A senior UN official called on Thursday on countries to take responsibility for approximately 2,500 stateless children of foreign fighters of the Islamic State terrorist group (IS, banned in Russia) who are stranded in the infamous Al-Hawl refugee camp in northeastern Syria

GENEVA (UrduPoint News / Sputnik - 18th April, 2019) A senior UN official called on Thursday on countries to take responsibility for approximately 2,500 stateless children of foreign fighters of the Islamic State terrorist group (IS, banned in Russia) who are stranded in the infamous Al-Hawl refugee camp in northeastern Syria.

According to the United Nations Children's Fund there are around 2,500 children of foreign nationals at the Al-Hawl refugee camp.

"These children do have a father and a mother, [who] have a nationality, and therefore a solution has to be found," Panos Moumtzis, the UN regional humanitarian coordinator for the Syria crisis, said at a briefing in Geneva.
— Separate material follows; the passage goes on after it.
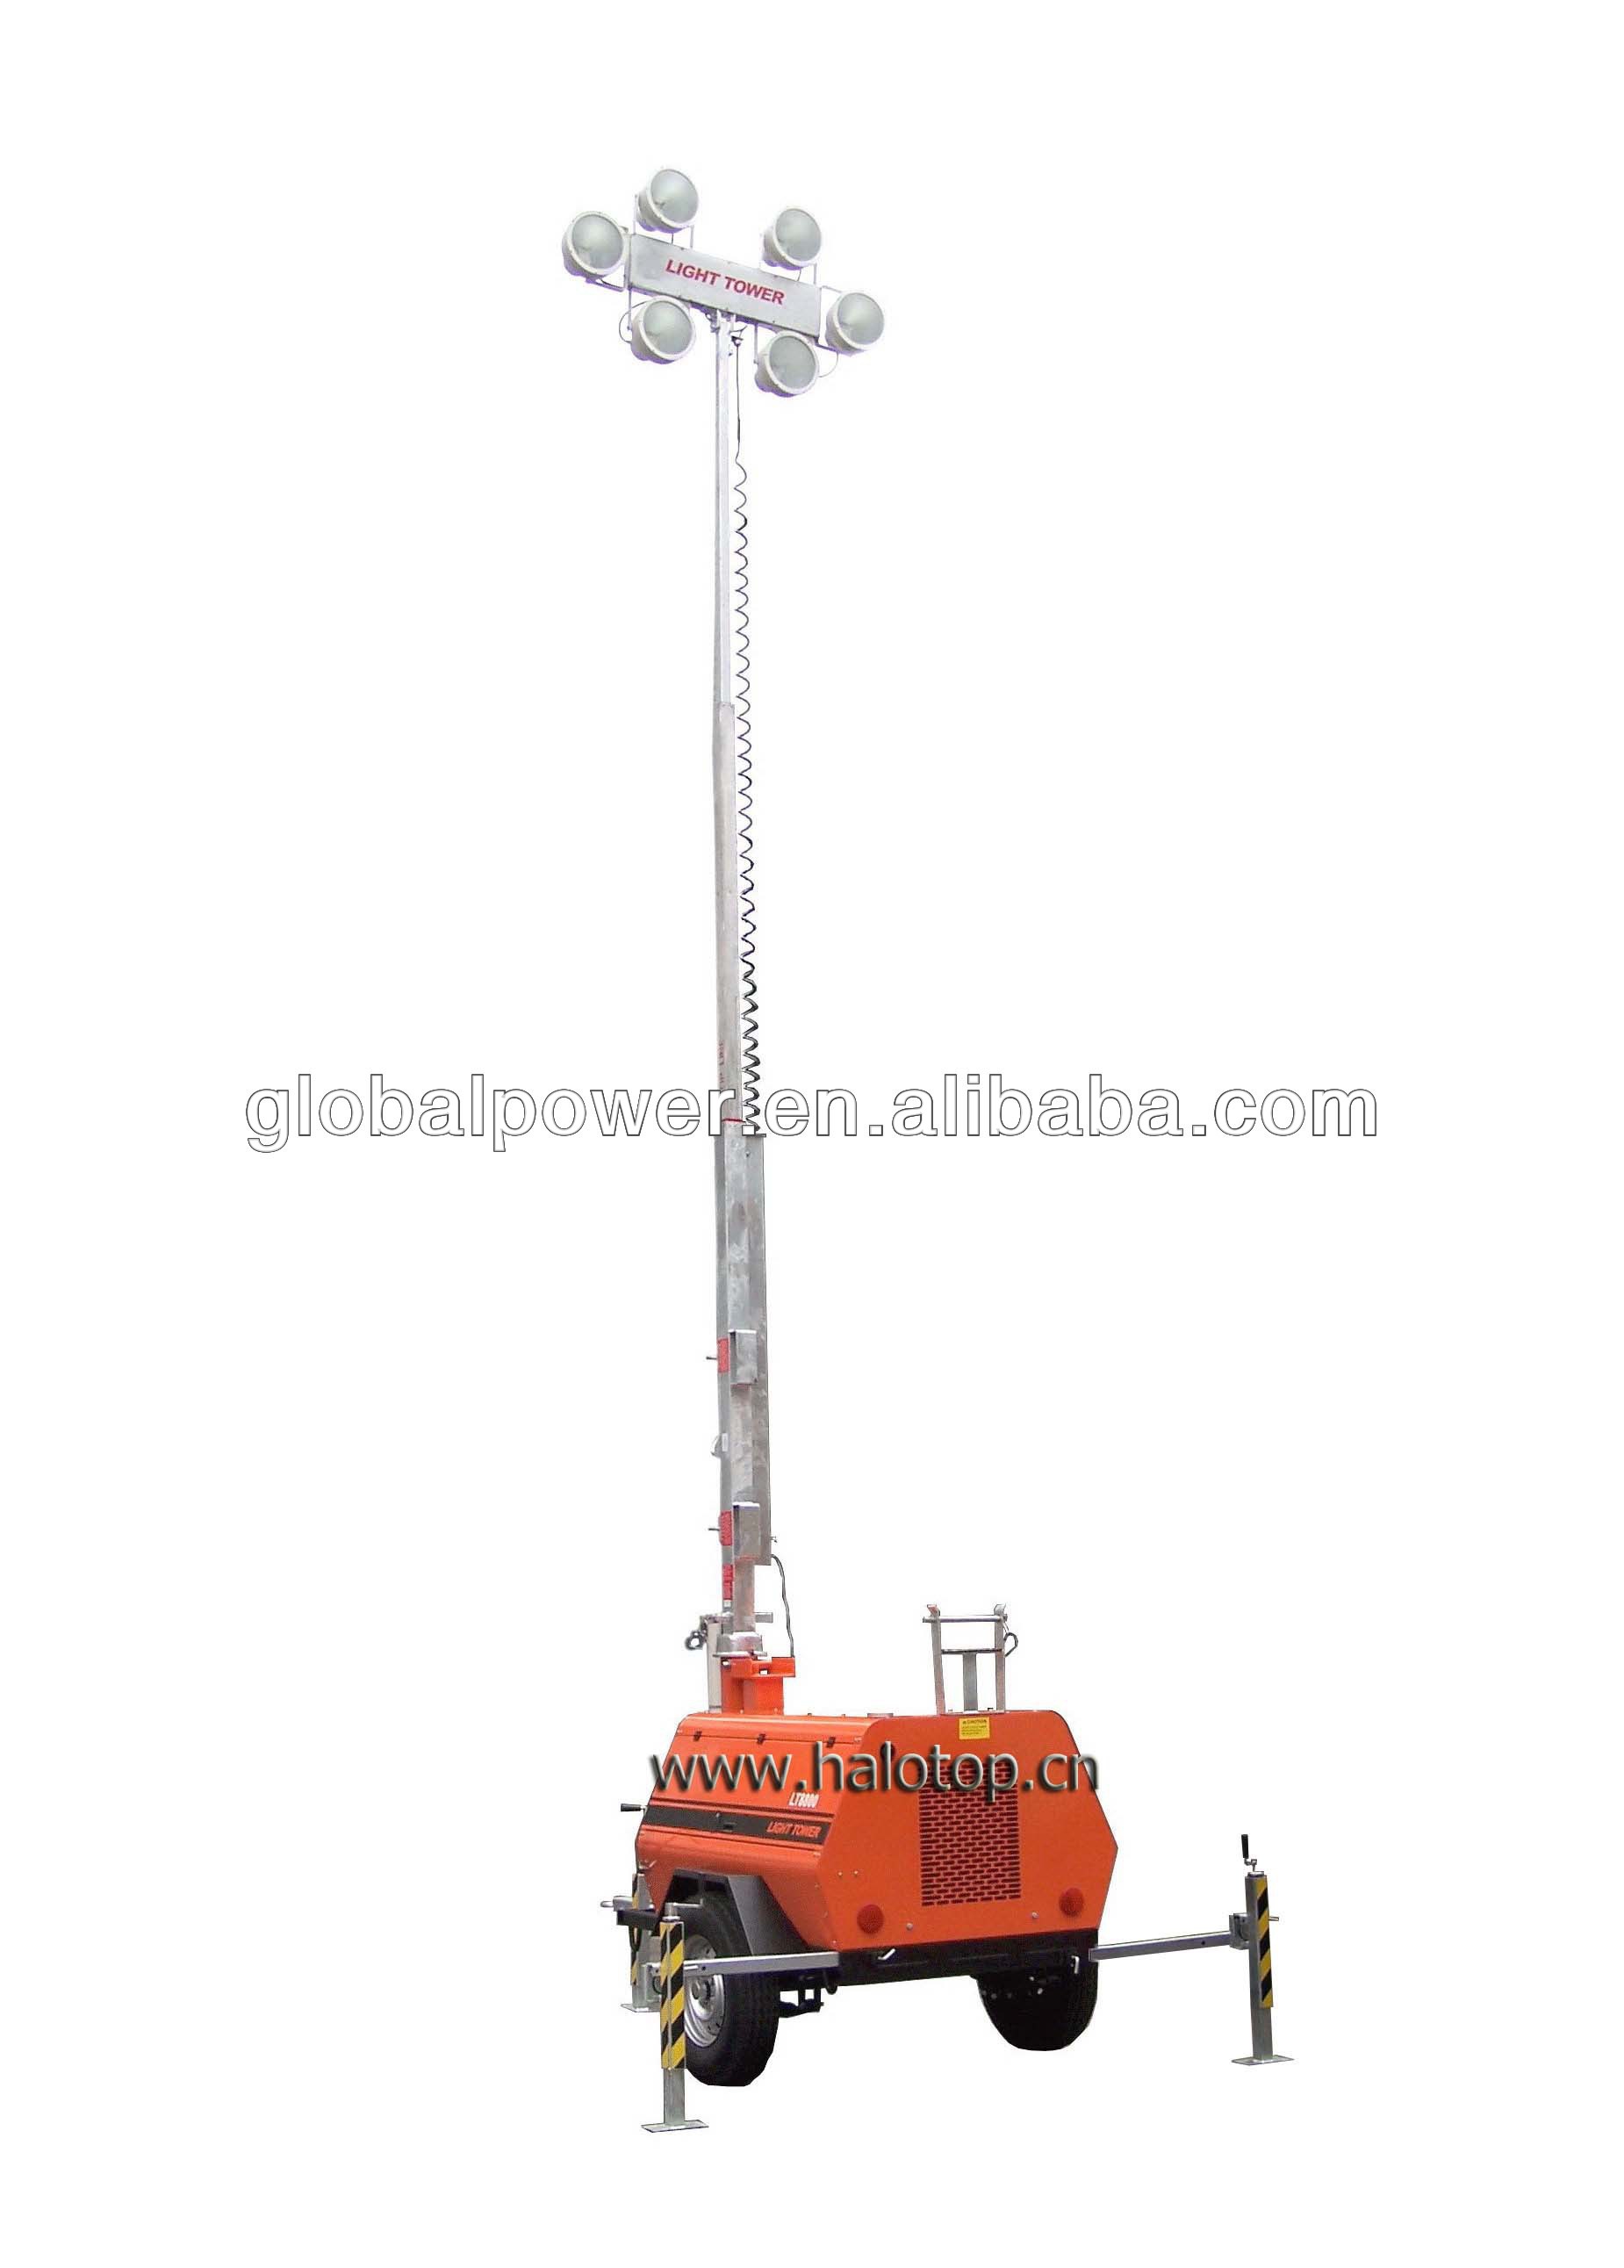 Lighting Tower Generator/ Mobil lighting tower/ tower light

Moumtzis said that states had a legal responsibility, especially for children, many of whom were born in IS camps, and that children should be treated as victims of the crisis irrespective of their family affiliation.

"All member states have to do every measure possible to ensure the protection, the prosecution, the repatriation, the rehabilitation and reintegration of these women and children in compliance with their obligations under international law," Moumtzis said.

The Al-Hawl refugee camp, according to the UN coordinator, currently houses about 75,000 people, 90 percent of whom are women and children. The camp is severely over-populated and under-resourced.

Following the brutal civil war in Syria, during which IS attracted thousands of foreign fighters to join its ranks, the government has been struggling to cope with thousands of people left in the aftermath of the war, who were affiliated with the terror group. Foreign governments have been reluctant to repatriate their nationals, fearing that they will bring extremist ideology back with them.